By Joe Chow, MD, TeamHealth President Ambulatory Care

That is the question. The recommendations regarding wearing a surgical or cloth mask have changed a bit, but the utility has not. Even a few years ago, if I saw anyone wearing a mask while traveling, I would purposely try to avoid him or her.

Imagine boarding a plane and your only choice is to sit next to a masked passenger. But, maybe that’s the safest place to sit. Clearly, with coronavirus dominating the news, surgical masks are out of stock and many people are wearing homemade versions.

To clarify, surgical masks are different from true respirators, such as the N95, which should be fit tested for leakage and filters large and small aerosolized particles. The N95s should be worn by healthcare workers, if available, especially for high-risk procedures such as intubations. When properly fitted, they filter out smaller infectious particles.

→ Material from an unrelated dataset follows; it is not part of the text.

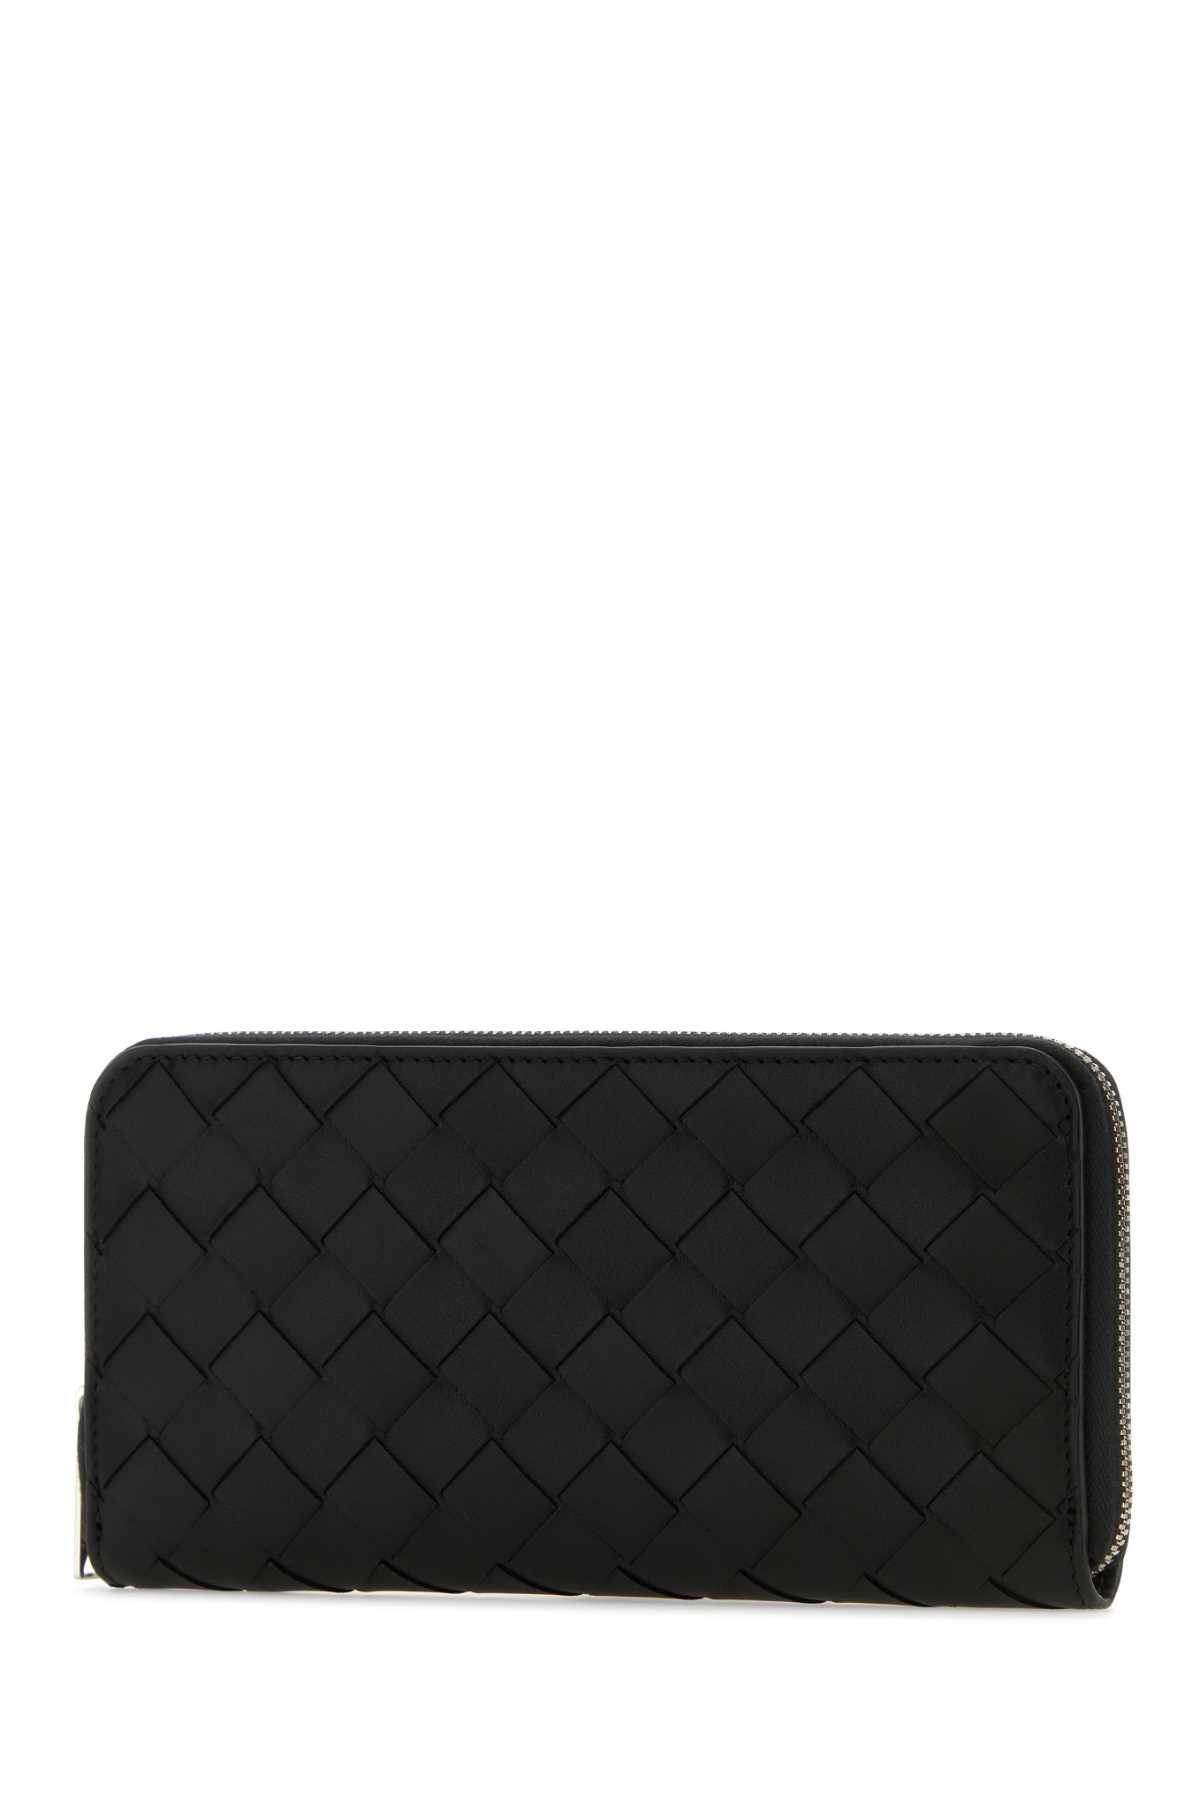 Shop Bottega Veneta Black Nappa Leather Wallet In Blacksilver

Surgical masks or homemade cloth masks primarily protect others from a sick person coughing. In New York, the Governor recently made it a requirement for people to wear face masks or coverings when out in public.  Because some people will be asymptomatic or have few symptoms, but can still infect others, using a mask in public is a good idea. While original recommendations did not call for masks, their protective effect may help limit the spread of coronavirus tremendously.

Ultimately, the best defense in public is to wear a mask, wash your hands, don’t touch your face and avoid direct contact with those who are sick.